Country: United States



Comment hidden because of low score. Click to expand.
1
of 3 vote

How about bitmap approach ? 

If each slot is 30 minute, so there are 48 slots each day. In this case, long type variable (64 bits) is enough to mark meeting slots in whole day. We can use two long variable for each day. First long variable mark the start slot of one meeting, and second long variable mark the duration slot of that meeting, but keep start slot excluded since it's already marked in first long variable. 

Suppose meeting A is from slot n (n is 0-based index) and duration m slots, so

  begin_marker      = begin_marker OR (1<<n)
  duration_marker  = duration_marker  OR (( (1<<m-1)-1)<<n)
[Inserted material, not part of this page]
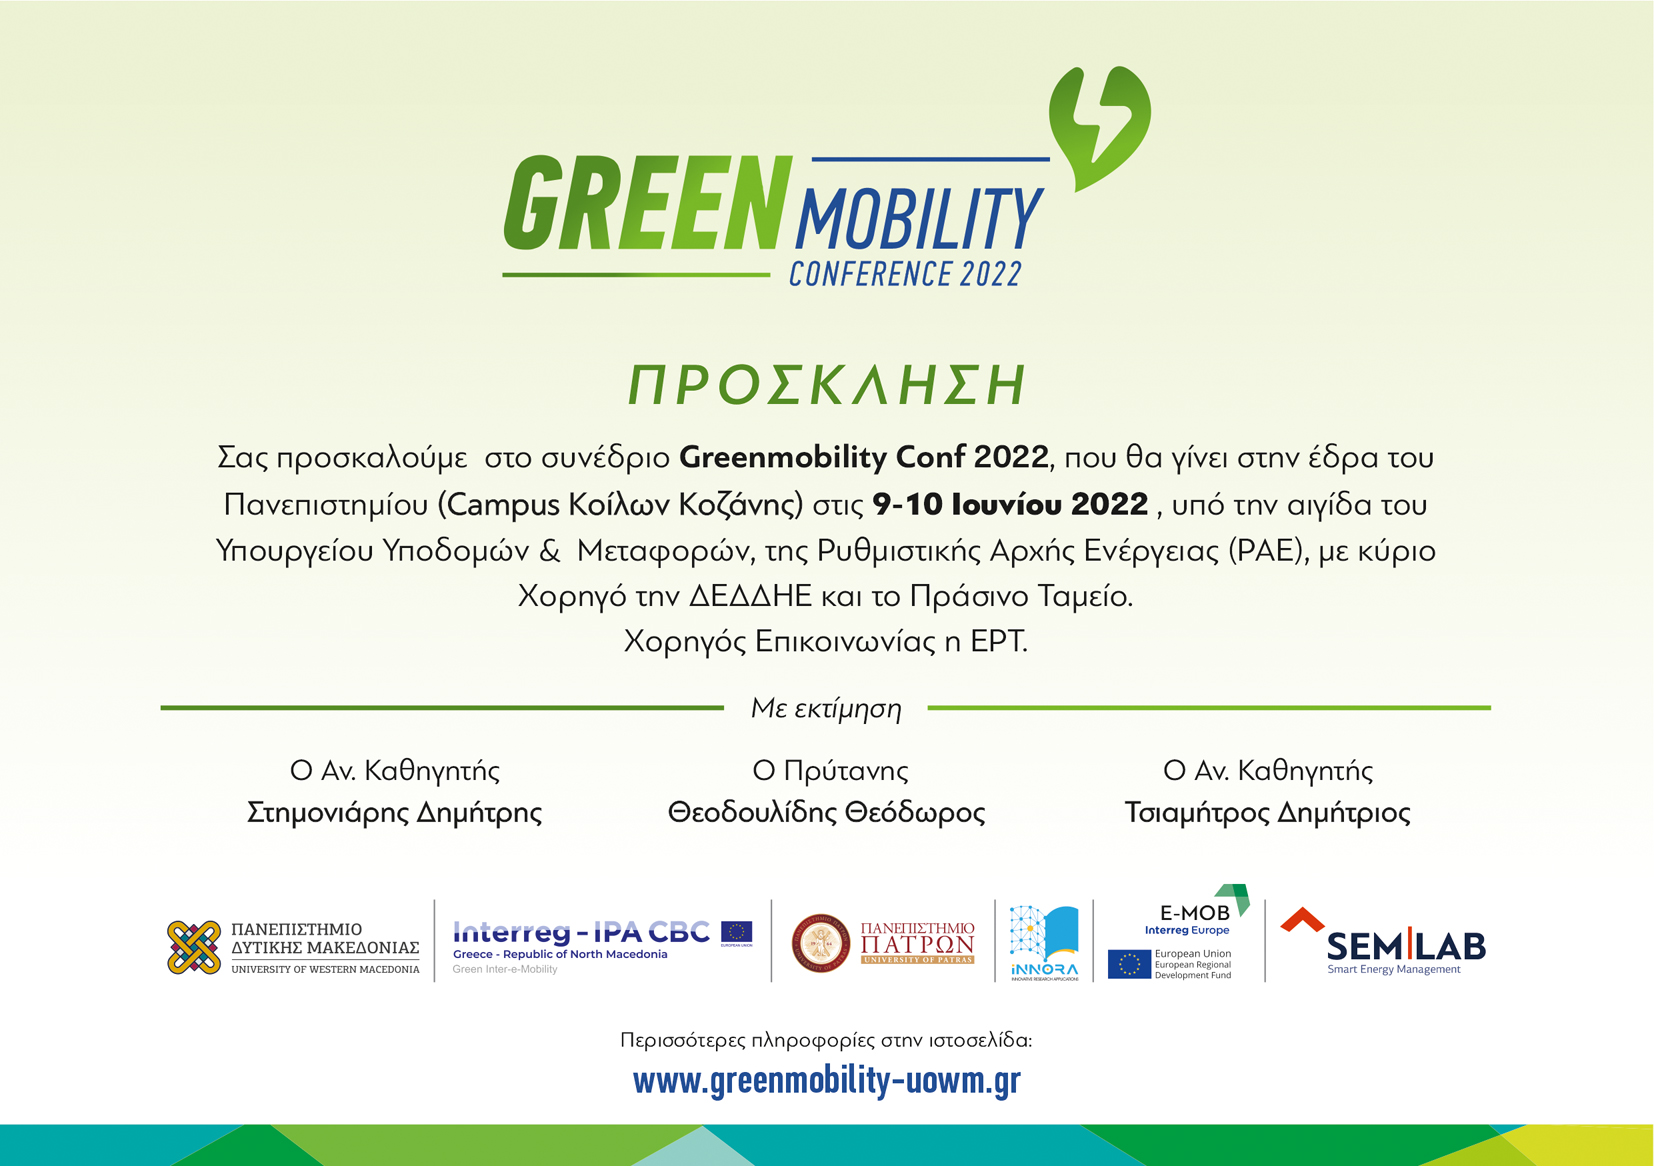 Πανεπιστήμιο Δυτικής Μακεδονίας: Διεθνές Συνέδριο Greenmobility 2022, την Πέμπτη 9 και Παρασκευή 10 Ιουνίου

to get bitmap marker for meeting starting from slot n, 

  meeting_marker = (begin_marker  AND ~( 1<<(n+1) - 1)) 
  meeting_marker = meeting_marker OR (1<<48)   // safeguard
  meeting_marker = (meeting_marker XOR (meeting_marker - 1)) >> 1
  meeting_marker = meeting_marker XOR (1 << n - 1)
  meeting_marker = meeting_marker AND (begin_marker OR duration_marker)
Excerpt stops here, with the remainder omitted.